South Johnstone is a rural town and locality in the Cassowary Coast Region, Queensland, Australia. In the , the locality of South Johnstone had a population of 456 people.

== Geography ==
South Johnstone is in Far North Queensland, approximately 10 km south-west of Innisfail.

=== Climate ===
South Johnstone has a trade wind-influenced tropical rainforest climate (Köppen: Af) with hot, extremely wet summers and warm, somewhat drier winters. The wettest recorded day was 13 January 1981 with 441.0 mm of rainfall. Extreme temperatures ranged from 42.2 C on 27 November 2018 to 3.3 C on 19 July 1965.

Climate data for South Johnstone (17°37′S 146°00′E﻿ / ﻿17.61°S 146.00°E) (18 m (59 ft) AMSL) (1920-2025)
| Month | Jan | Feb | Mar | Apr | May | Jun | Jul | Aug | Sep | Oct | Nov | Dec | Year |
| Record high °C (°F) | 40.0 (104.0) | 40.5 (104.9) | 37.6 (99.7) | 35.3 (95.5) | 32.0 (89.6) | 31.0 (87.8) | 32.2 (90.0) | 32.3 (90.1) | 35.0 (95.0) | 36.3 (97.3) | 42.2 (108.0) | 40.4 (104.7) | 42.2 (108.0) |
| Mean daily maximum °C (°F) | 31.3 (88.3) | 30.8 (87.4) | 30.0 (86.0) | 28.3 (82.9) | 26.3 (79.3) | 24.5 (76.1) | 24.0 (75.2) | 25.3 (77.5) | 27.1 (80.8) | 29.1 (84.4) | 30.5 (86.9) | 31.3 (88.3) | 28.2 (82.8) |
| Mean daily minimum °C (°F) | 22.7 (72.9) | 22.8 (73.0) | 22.2 (72.0) | 20.6 (69.1) | 18.5 (65.3) | 16.1 (61.0) | 15.3 (59.5) | 15.6 (60.1) | 16.9 (62.4) | 19.0 (66.2) | 20.7 (69.3) | 22.0 (71.6) | 19.4 (66.9) |
| Record low °C (°F) | 14.4 (57.9) | 16.0 (60.8) | 15.0 (59.0) | 11.7 (53.1) | 7.4 (45.3) | 5.4 (41.7) | 3.3 (37.9) | 6.8 (44.2) | 7.3 (45.1) | 9.6 (49.3) | 10.8 (51.4) | 14.9 (58.8) | 3.3 (37.9) |
| Average precipitation mm (inches) | 525.7 (20.70) | 569.3 (22.41) | 608.8 (23.97) | 390.3 (15.37) | 268.4 (10.57) | 153.3 (6.04) | 114.9 (4.52) | 91.4 (3.60) | 87.6 (3.45) | 94.4 (3.72) | 140.8 (5.54) | 275.8 (10.86) | 3,308.1 (130.24) |
| Average precipitation days (≥ 0.2 mm) | 18.8 | 19.5 | 21.2 | 20.4 | 18.9 | 15.3 | 14.7 | 12.9 | 11.6 | 10.8 | 11.7 | 14.7 | 190.5 |
| Average afternoon relative humidity (%) | 70 | 73 | 71 | 72 | 68 | 69 | 63 | 60 | 58 | 58 | 62 | 66 | 66 |
| Average dew point °C (°F) | 23.2 (73.8) | 23.7 (74.7) | 22.2 (72.0) | 21.0 (69.8) | 18.4 (65.1) | 17.0 (62.6) | 15.2 (59.4) | 15.5 (59.9) | 16.7 (62.1) | 18.3 (64.9) | 20.4 (68.7) | 22.3 (72.1) | 19.5 (67.1) |
| Mean monthly sunshine hours | 201.5 | 155.4 | 170.5 | 165.0 | 142.6 | 165.0 | 173.6 | 198.4 | 222.0 | 254.2 | 240.0 | 229.4 | 2,317.6 |
| Percentage possible sunshine | 50 | 43 | 45 | 47 | 41 | 50 | 50 | 55 | 62 | 66 | 62 | 56 | 52 |
Source: Bureau of Meteorology (1920-2025)

== History ==
South Johnstone Sugar Mill opened in 1915.
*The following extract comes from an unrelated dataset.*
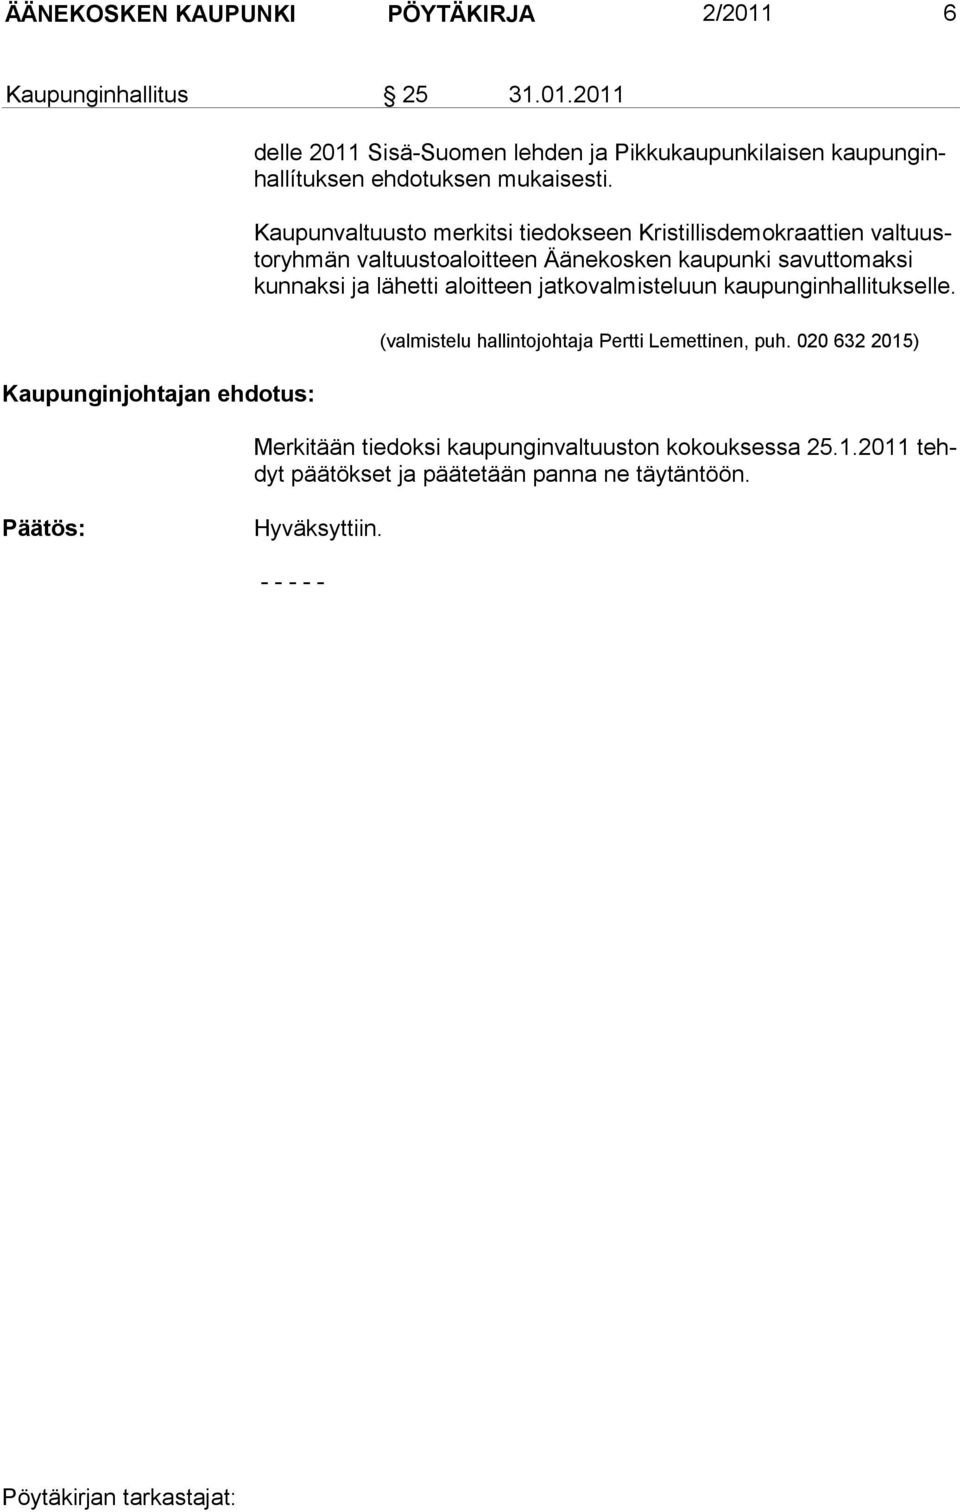 2011 Kaupunginjohtajan ehdotus: delle 2011 Sisä-Suomen lehden ja Pikkukaupunkilaisen kaupunginhallítuksen ehdotuksen mukaisesti.

South Johnstone State School was opened on 5 June 1916. The school celebrated its 100th anniversary in 2016.

St Rita's Catholic School was established on 1 February 1932 by the Sisters of the Good Samaritan.

The South Johnstone parish of the Roman Catholic Diocese of Cairns was established in 1947. It is now merged with the Innisfail and Mourilyian parishes.

St Saviour's Anglican Church was designed by Arthur Brown and constructed by local builder Mose Romano using masonry in 1939. It was officially opened on Sunday 2 September 1939 by Bishop John Feetham. It was at 26 Hynes Street and has now closed.

The town was originally called Basilisk until 1954, when it was officially renamed South Johnstone after the South Johnstone River. The river was named by George Elphinstone Dalrymple in honour of Robert Johnstone who accompanied him on an expedition in 1873. The name Basilisk is now used for a nearby locality.

St Rita's Roman Catholic Church was built from brick in 1970.

== Demographics ==
In the , the town of South Johnstone had a population of 411 people.

In the , the locality of South Johnstone had a population of 413 people.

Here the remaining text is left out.